It has a molecular weight of It is a white crystalline powder, soluble in water and slightly soluble in ethanol. The World Health Organization recommended name for albuterol base is salbutamol. Chemical structure of albuterol sulfate. Ipratropium bromide is an anticholinergic bronchodilator chemically described as 8azoniabicyclo [3. It is a white crystalline substance, freely soluble in water and lower alcohols, and insoluble in lipophilic solvents such as ether, chloroform, and fluorocarbons.
Chemical structure of albuterol dual nebulizers bromide, albuterol dual nebulizers. Each 3 mL vial of DuoNeb ipratropium bromide and albuterol sulfate contains 3. DuoNeb ipratropium bromide and albuterol sulfate is a clear, albuterol dual nebulizers, colorless solution.
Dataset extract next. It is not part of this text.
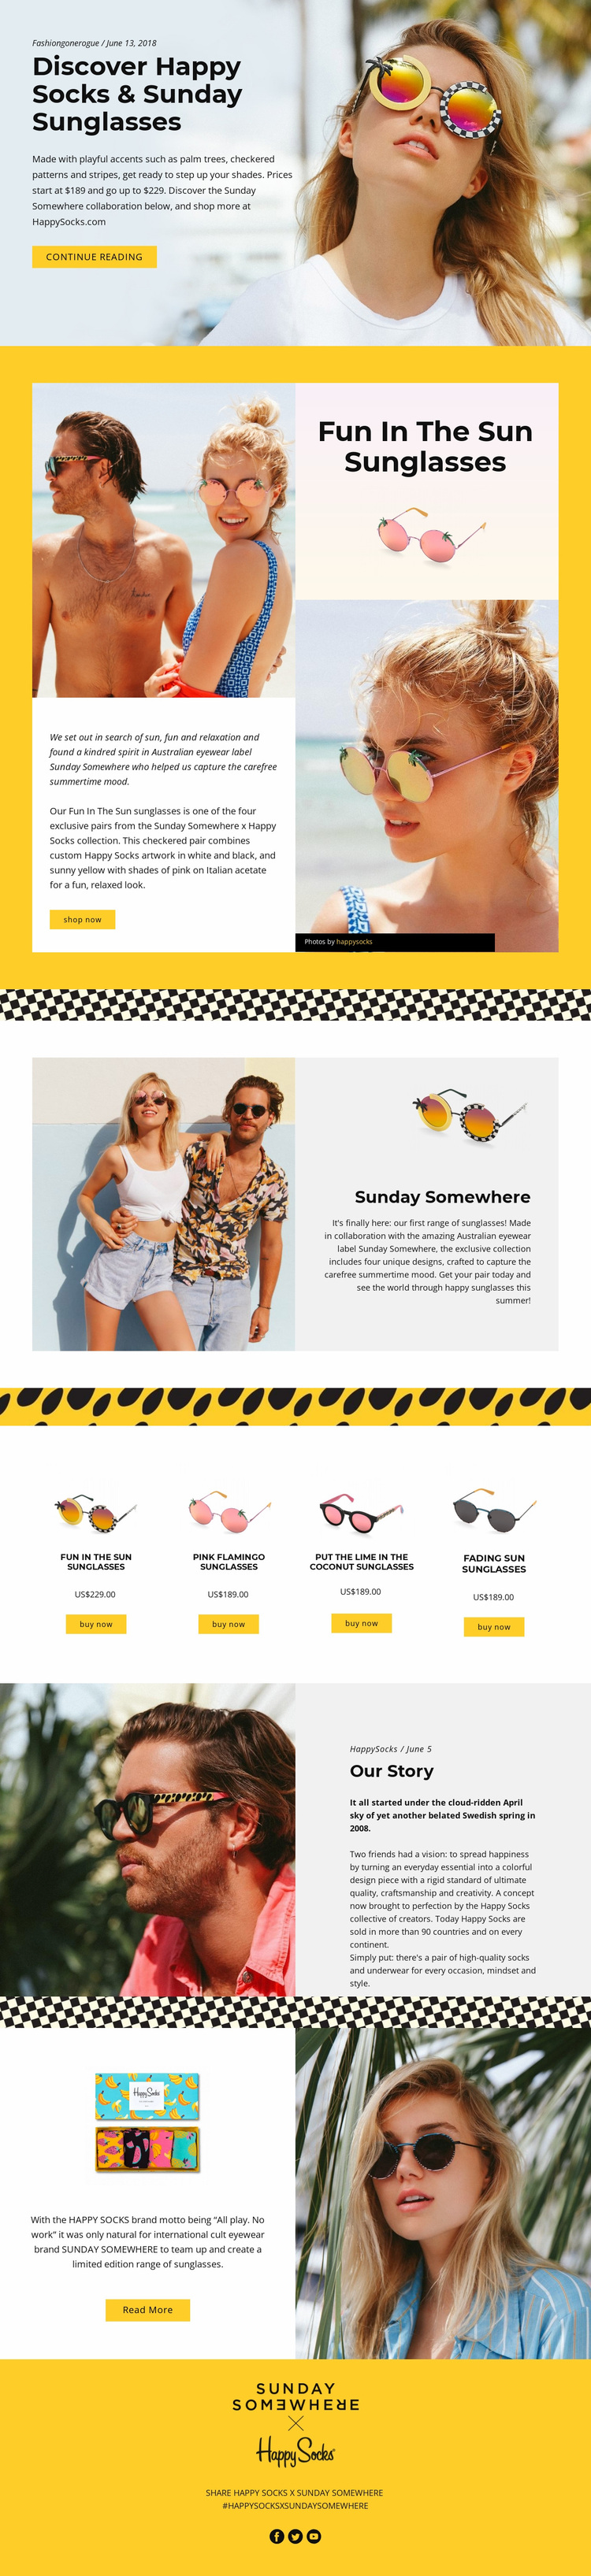 Fun Sunglasses Website Design

It does not require dilution prior to administration by nebulization. For DuoNeb ipratropium bromide and albuterol sulfate Inhalation Solution, like aid for arthritis other nebulized treatments, the amount delivered to the lungs will depend on patient factors, albuterol dual nebulizers, albuterol dual nebulizers jet nebulizer utilized, and compressor performance.
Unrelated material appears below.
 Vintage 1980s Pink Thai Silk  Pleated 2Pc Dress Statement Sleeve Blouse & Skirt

The mean nebulization time was 15 minutes or less. DuoNeb ipratropium bromide and albuterol sulfate is indicated for the treatment of bronchospasm associated with COPD albuterol dual nebulizers patients requiring more than one bronchodilator.
The recommended dose of DuoNeb ipratropium bromide and albuterol sulfate is albuterol dual nebulizers 3 mL vial administered 4 times per day via nebulization with up to 2 additional 3 mL doses allowed per day, if needed. Safety and efficacy of additional doses or increased frequency of administration of DuoNeb ipratropium bromide and albuterol sulfate beyond these albuterol dual nebulizers has not been studied and the safety and efficacy of extra doses of albuterol sulfate or ipratropium bromide in addition to the recommended doses of DuoNeb ipratropium bromide and albuterol sulfate have not been studied.
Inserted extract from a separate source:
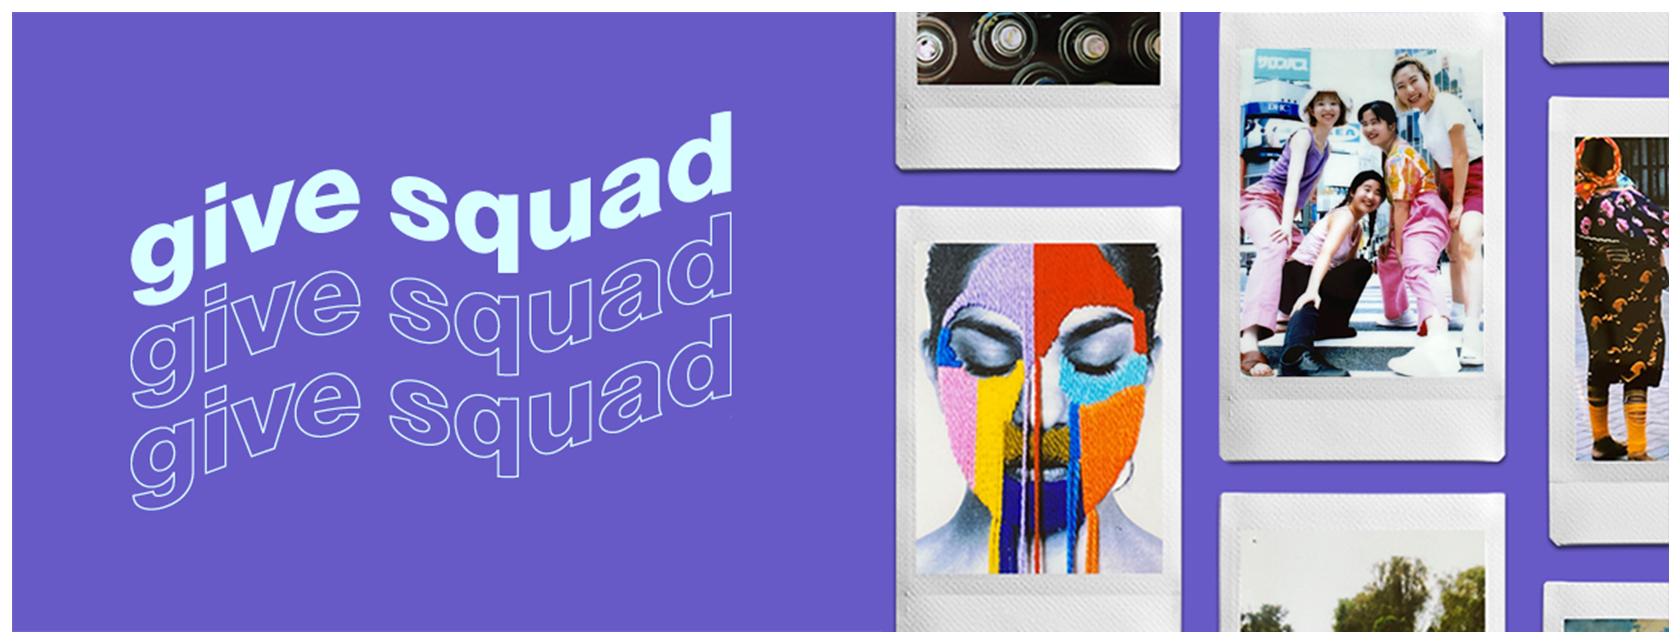 [Image]give squad

The use of DuoNeb ipratropium bromide and albuterol sulfate can be continued as medically indicated to control recurring bouts of bronchospasm. If a previously effective regimen fails to provide the usual relief, medical advice should be sought immediately, as this is often a sign of worsening COPD, which would require reassessment of therapy.
The safety and efficacy of DuoNeb ipratropium bromide and albuterol sulfate delivered by other nebulizers and compressors have not been established. DuoNeb ipratropium bromide and albuterol sulfate should be administered via jet nebulizer connected to an air compressor with an adequate air flow, equipped with a mouthpiece or suitable face mask.
DuoNeb ipratropium bromide and albuterol sulfate is supplied as a 3-mL sterile solution for nebulization in sterile low-density polyethylene unit-dose vials. Store in pouch until time of use. Supplied in cartons as listed below.
Adverse reaction information concerning DuoNeb ipratropium bromide and albuterol sulfate was derived from the week controlled clinical trial. In the clinical trial, there was albuterol dual nebulizers 0. Additional information albuterol dual nebulizers from the published literature on the use of albuterol sulfate and ipratropium bromide singly or in combination includes precipitation or worsening of narrow-angle glaucoma, acute eye pain, blurred vision, paradoxical bronchospasm, wheezingexacerbation of COPD symptoms, drowsiness, aching, flushing, upper respiratory tract infection, palpitationsalbuterol dual nebulizers, taste perversion, elevated heart rate, sinusitisback painalbuterol dual nebulizers, sore throat albuterol dual nebulizers, and metabolic acidosis.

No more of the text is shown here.